= Juniper, New Brunswick =

Juniper (2001 pop.: 450) is a hamlet in Carleton County, New Brunswick, Canada. Juniper is located in Aberdeen Parish. It is situated on Route 107, which runs from Route 105 at Bristol, northeast to Juniper, and then bends southeast towards Napadogan and Deersdale. Geographic coordinates: 46° 33' North, 67° 13' West; elevation 899 ft.

Juniper is named for the low growing juniper shrub which allegedly grows in the boggy spruce forest near Juniper Station.

The local economy is largely forestry-based, which employs roughly half of the population. In November 2006, the village started experiencing trouble keeping its paper mills open due to a decrease in the price of paper.

The economy also benefits from some hunting and fishing-related tourism, as the village is on the South Branch of the Southwest Miramichi River, renowned for its salmon and trout fishing.

The nearby Juniper Barrens String Bog, the largest bog in the area, covers 12 square kilometres, and is home to the White Fringed Orchid (Platanthera blepharglottis), an uncommon type of Butterfly Orchid, and the sedge (grass) Carex eburnea. The peat is two to three metres deep. The bog is one of several unique sites in Maine and the Maritime Provinces of Canada, featured on the Irving Forest Discovery Network.

Juniper's post office dates from 1918.

==Religion==
The village has three churches, Roman Catholic, United Church of Canada, and a United Pentecostal Church.

==Education==
The village is in School District 14 and has one public school, Juniper Elementary School, formerly Juniper High School.

== Transportation ==
A line of the Canadian national Railway passes through Juniper.

==Notable people==

The best known resident of the village was the Right Honourable Hugh John Flemming, Premier of New Brunswick and Canadian Federal Minister of Forestry, who was the son of Sarah and the Right Honourable James Kidd Flemming, a Premier of New Brunswick himself. He went to work at his family's mill, Flemming and Gibson, in Juniper at the age of fifteen, but retired to a home near Woodstock, New Brunswick, after retiring from Parliament in 1972, and also in Fredericton, New Brunswick.
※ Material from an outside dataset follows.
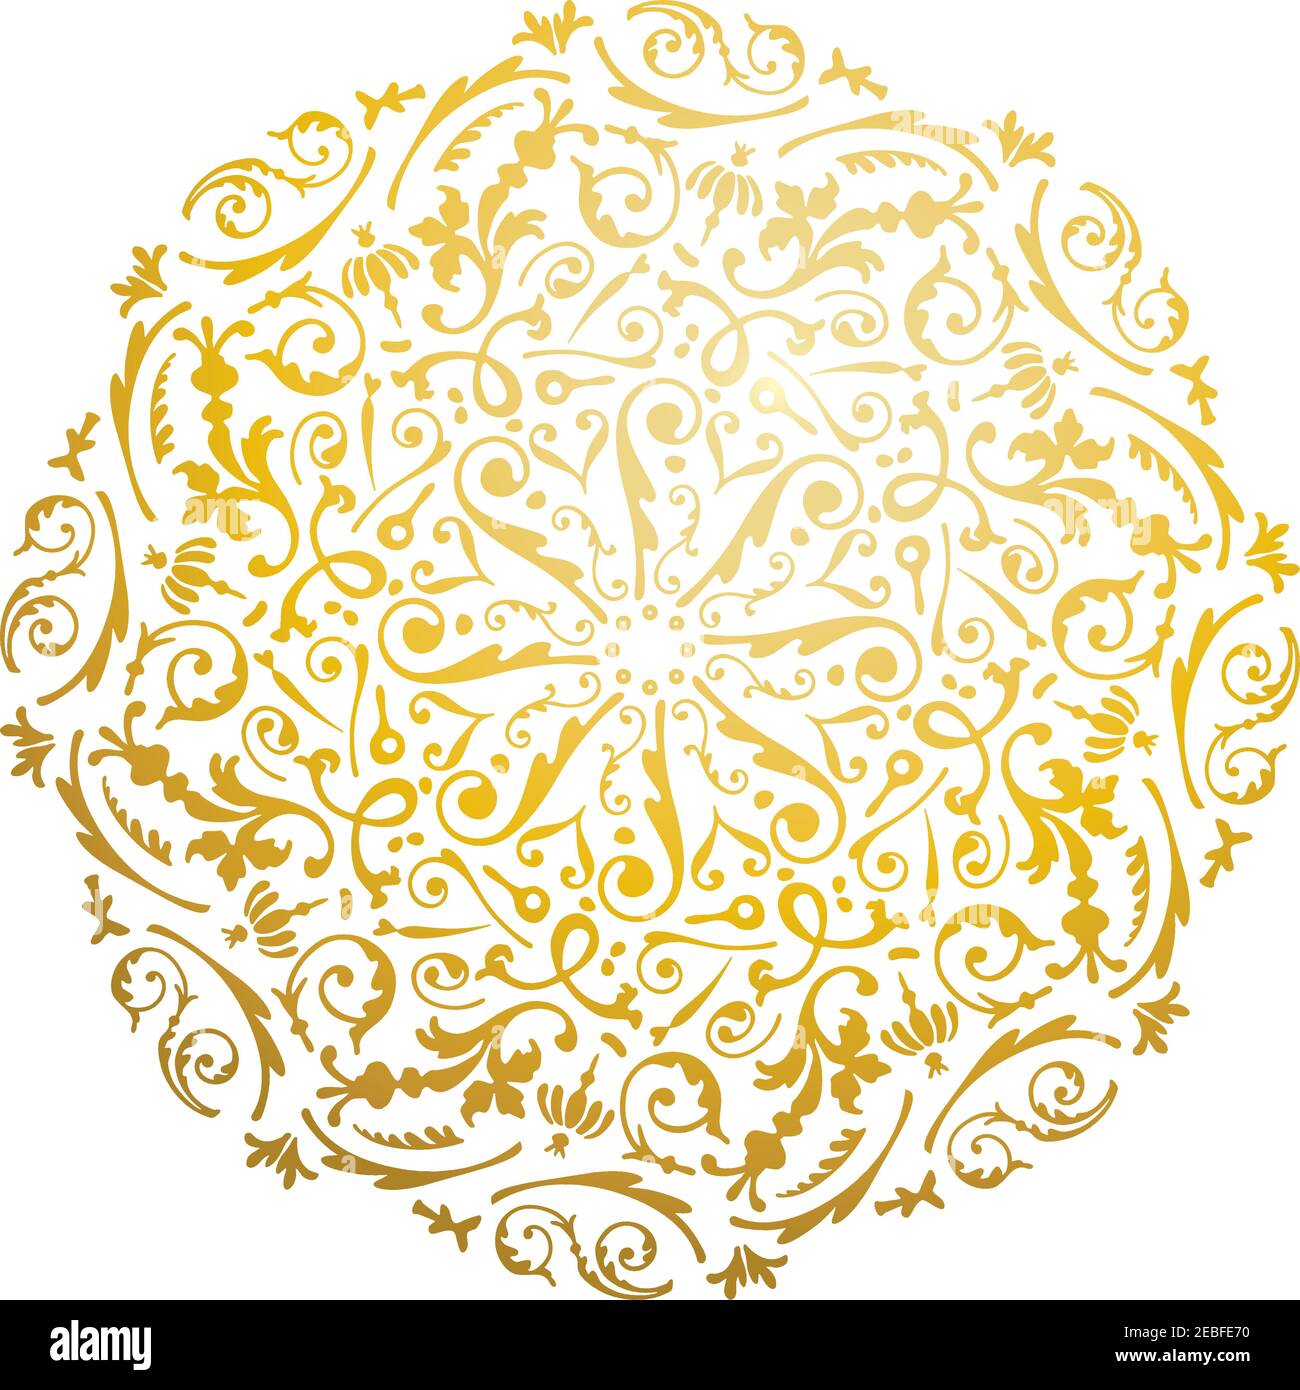 Florales Goldfarbenes Mandala. Modernes und kunstvolles Mandala mit hellem Metallic-Farbton. Geometrisches kreisförmiges Designelement für Einladungskarten und Grußkarten Stock Vektor

Flemming's wife, Aida Flemming, founded the International Kindness Club for Children, a club to teach children to love and be kind to animals, and was active in a number of charities.

The New Brunswick Kindness Club now has members in many provinces and countries, including every Canadian province, the Yukon Territory, the United States, India, England, France, Norway, the West Indies, Belize, Ireland, Australia, Korea, Japan, and many countries in Africa. Doctor Albert Schweitzer, famous for his medical and humanitarian work, served as an Honorary President of the International Kindness Club, before it was incorporated into the Humane Society of the United States (HSUS), of which Mrs. Flemming became an honorary board member.